103 results about "Sacubitril" patented technology

The invention discloses a preparation method of one of components of a novel antihypertensive drug LCZ696, namely, sacubitril (sacubitril, AHU-377, I). The method comprises the following preparation steps: carrying out cyclization, addition, debenzylation, ring opening, esterification, amidation and the like on a chiral induciton reagent (S)-1-(alpha-aminobenzyl)-2-naphthol (S-betti Base) and 2R-methyl-4-oxo-butyric acid to prepare the sacubitril (I). The preparation method is available in raw materials, concise in process, economic and environmentally friendly, and is suitable for industrial production.
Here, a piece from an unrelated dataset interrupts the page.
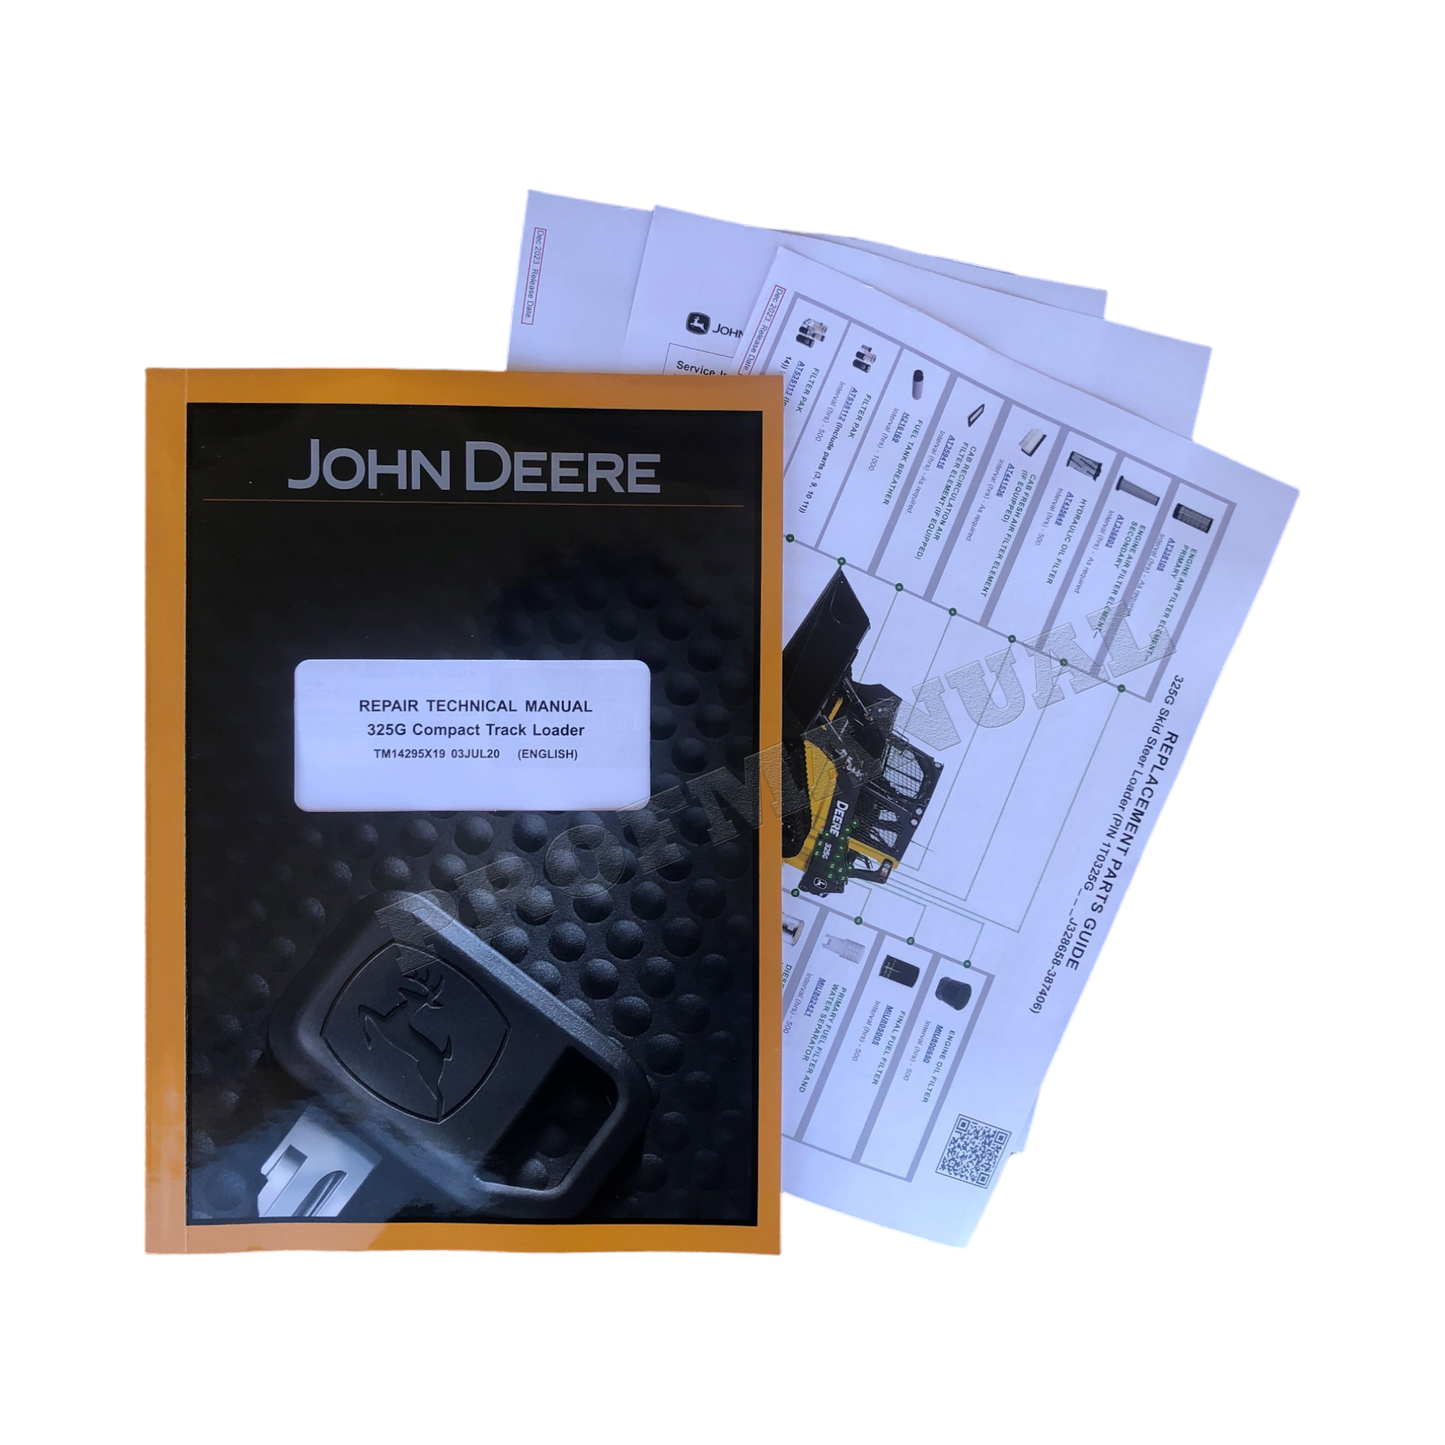 JOHN DEERE 325G COMPACK TRACK LOADER REPAIR SERVICE MANUAL ser J328658 -+ !BONUS!

The invention provides sacubitril derivatives and medicine compositions, preparation methods and application thereof and belongs to the fields of medicine compounds and preparation thereof. The sacubitril derivatives comprise sacubitril lithium salt, sacubitril kali salt, sacubitril magnesium salt, sacubitril calcium salt, sacubitril strontium salt, sacubitril zinc salt, sacubitril ferric salt, sacubitril ammonium salt, sacubitril diethylamine salt, sacubitril ethylenediamine salt, sacubitril piperazine salt, sacubitril N-(2-ethoxyl)-pyrrolidine salt, sacubitril choline salt, sacubitril cholamine salt, sacubitril diethanol amine salt, sacubitril triethanolamine salt, sacubitril tromethamine salt, sacubitril meglumine salt, sacubitril diisopropylamine salt, sacubitril tert-butylamine salt, sacubitril N, N'-bis-benzyl ethylenediamine salt, sacubitril L-lysine salt, sacubitril L-arginine salt or sacubitril L-histidine salt.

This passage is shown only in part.